[THE TASK] I'd like the listing below copied exactly, with the images left out.

───── SUPPLIED INFORMATION

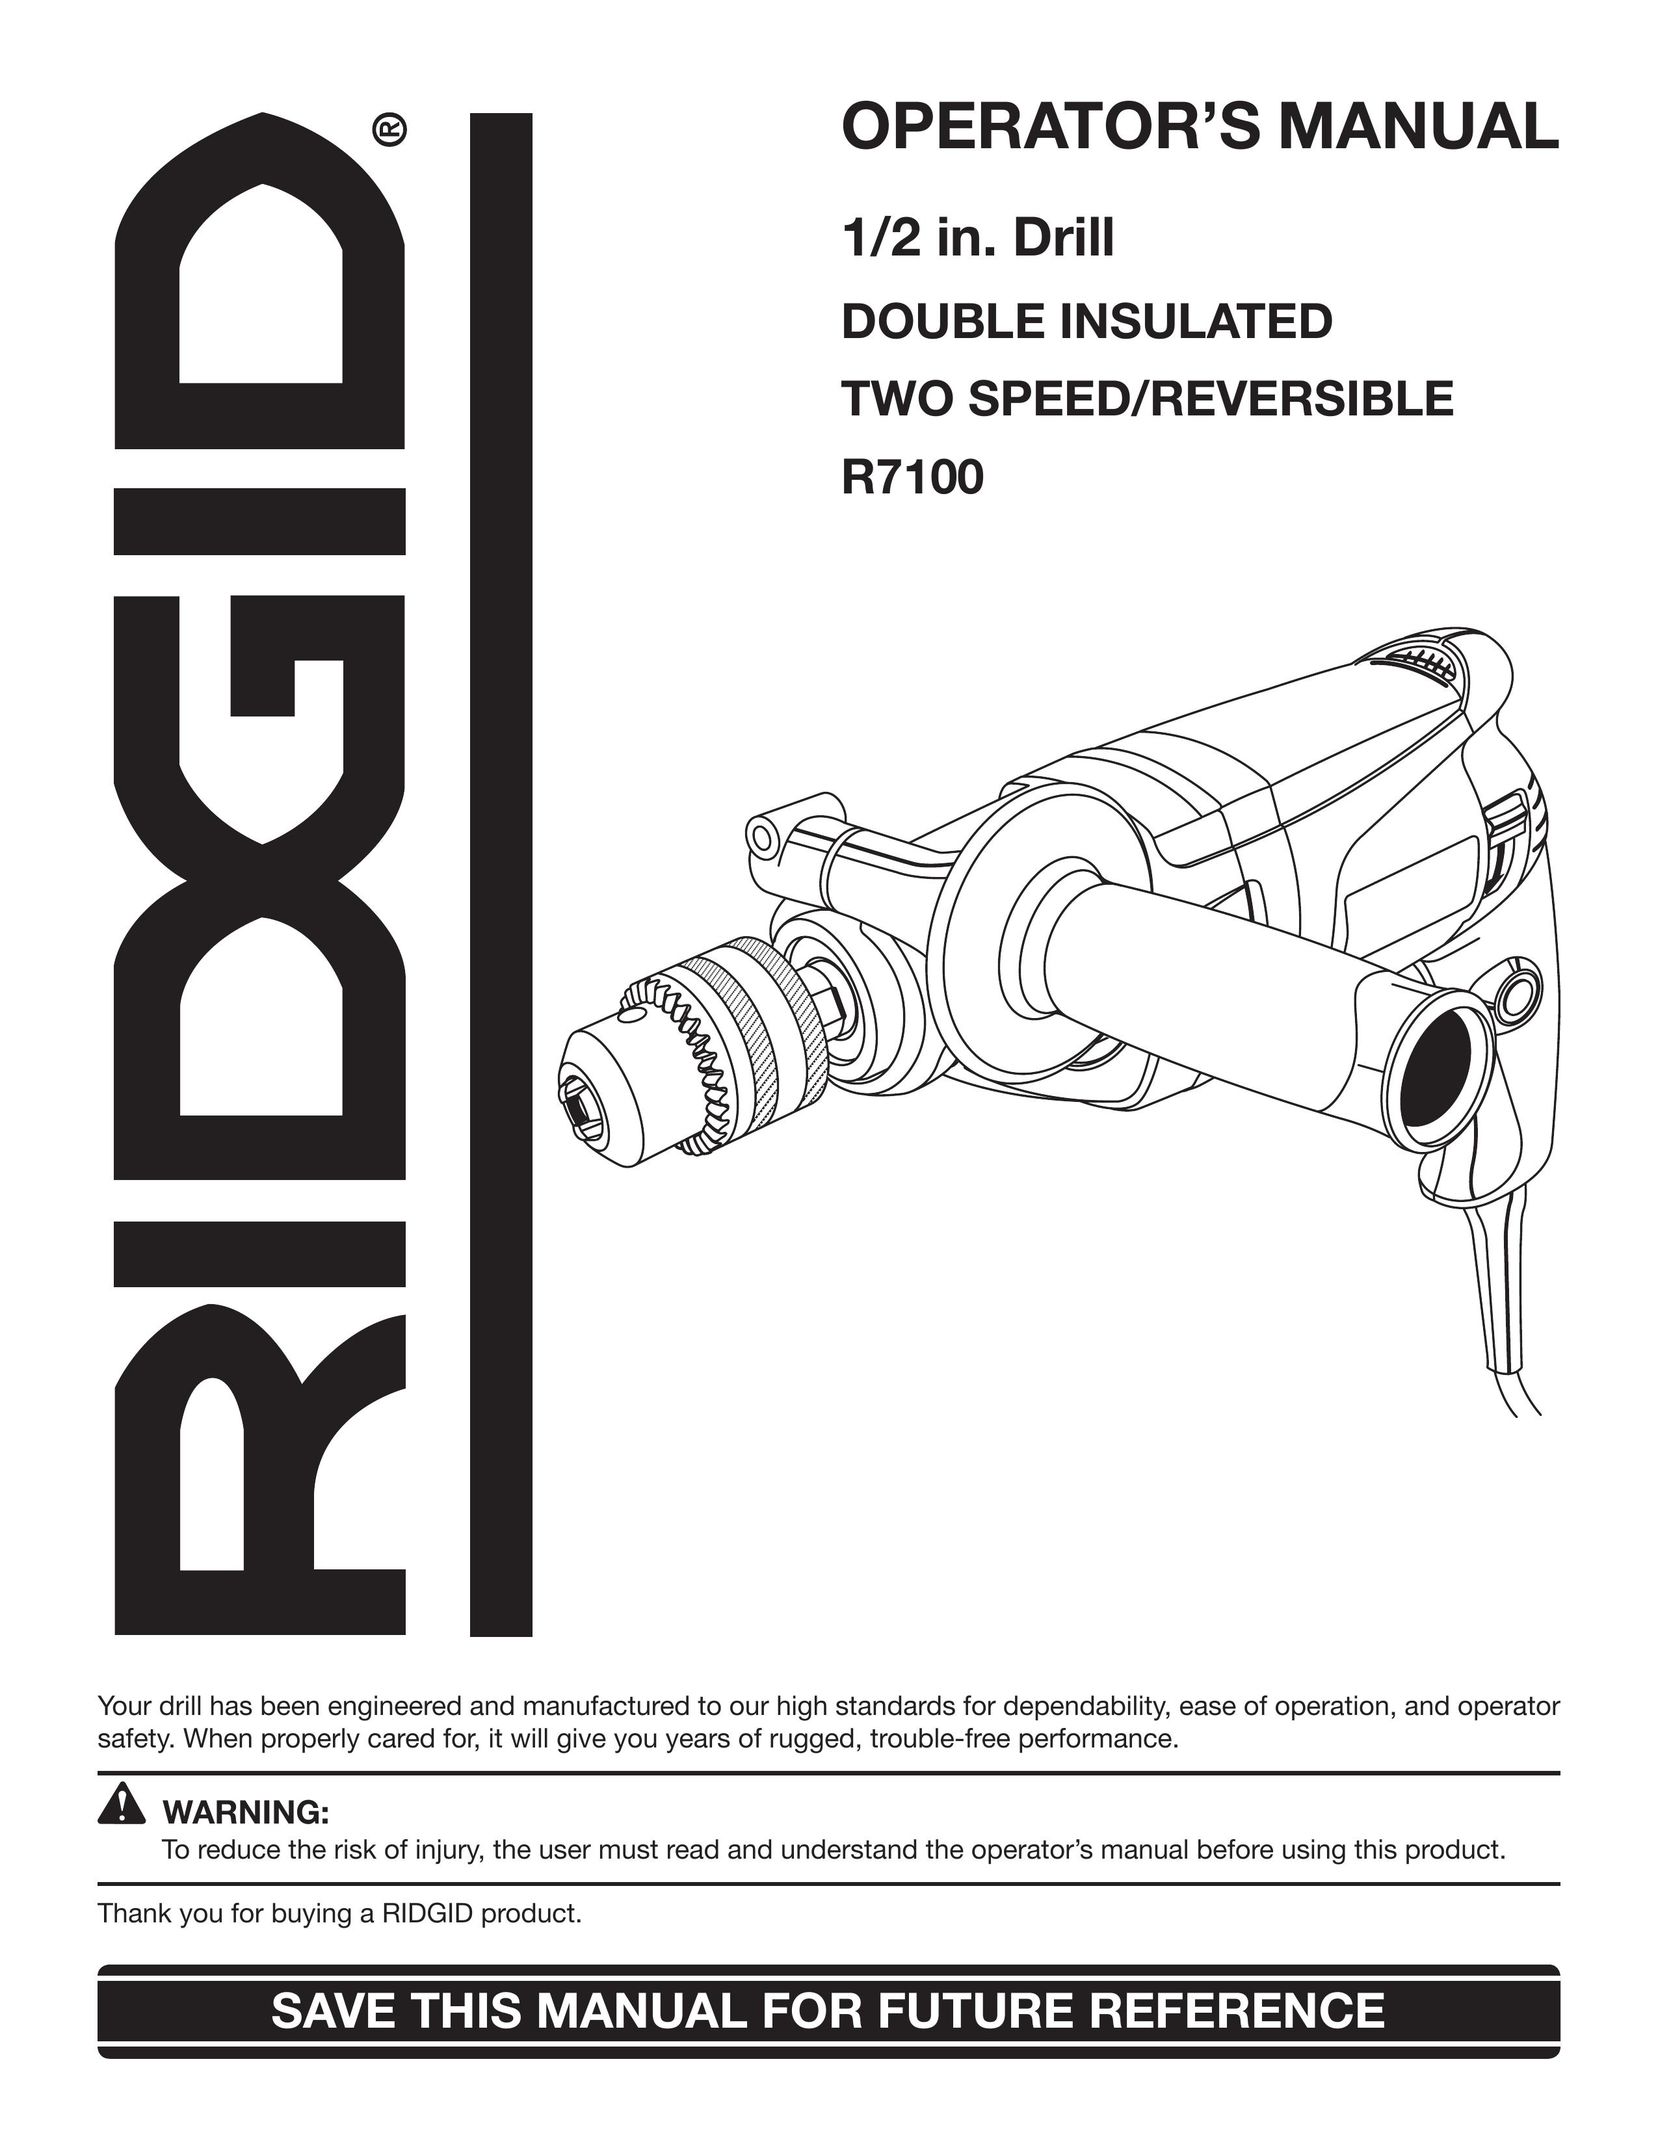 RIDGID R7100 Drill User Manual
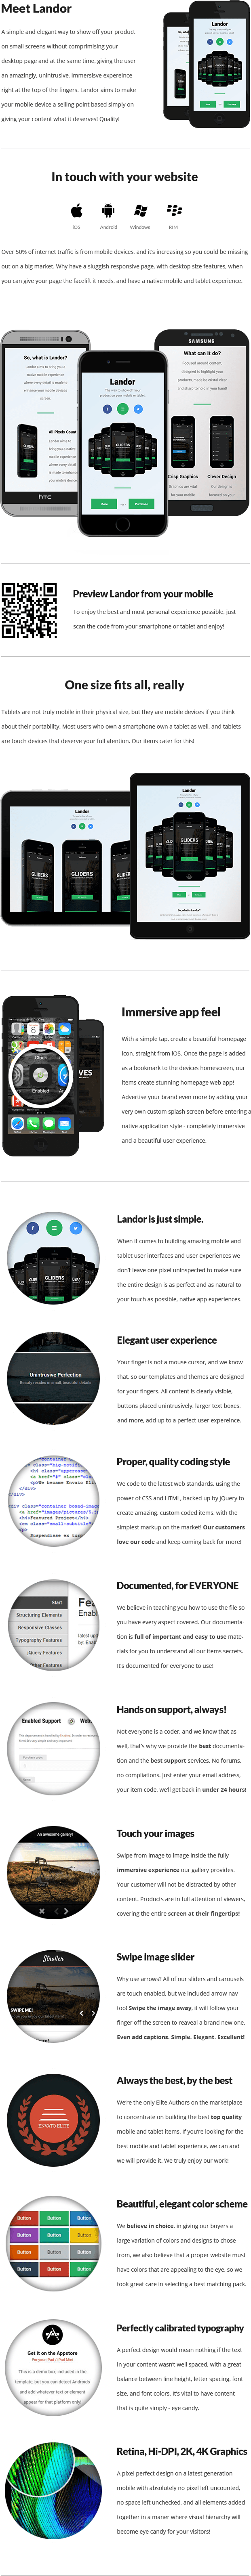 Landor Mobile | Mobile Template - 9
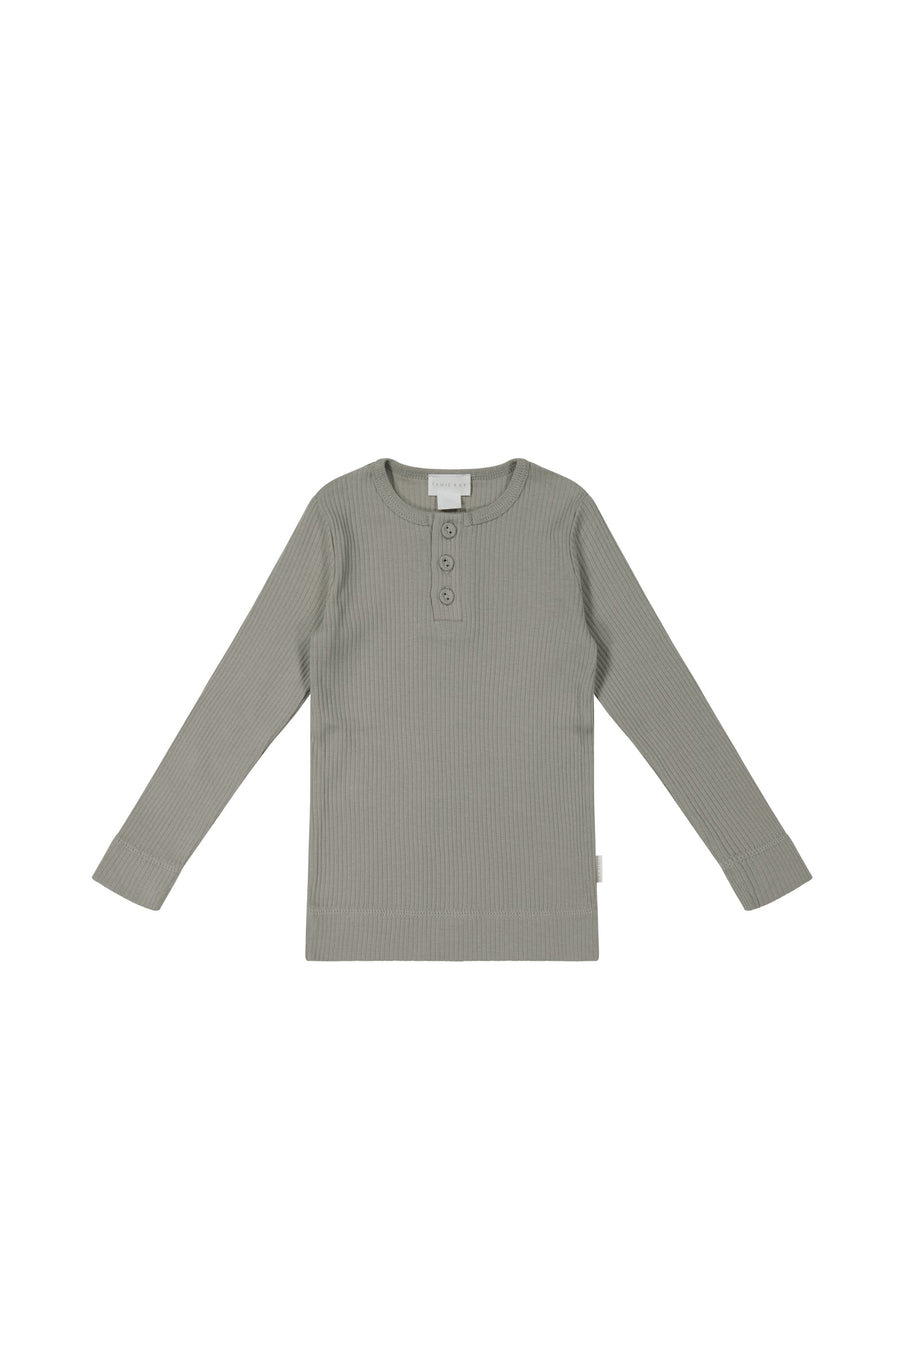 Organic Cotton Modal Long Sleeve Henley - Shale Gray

──────────

[REPLY]
 RIDGID R7100 Drill User Manual
 Landor Mobile | Mobile Template - 9
 Organic Cotton Modal Long Sleeve Henley - Shale Gray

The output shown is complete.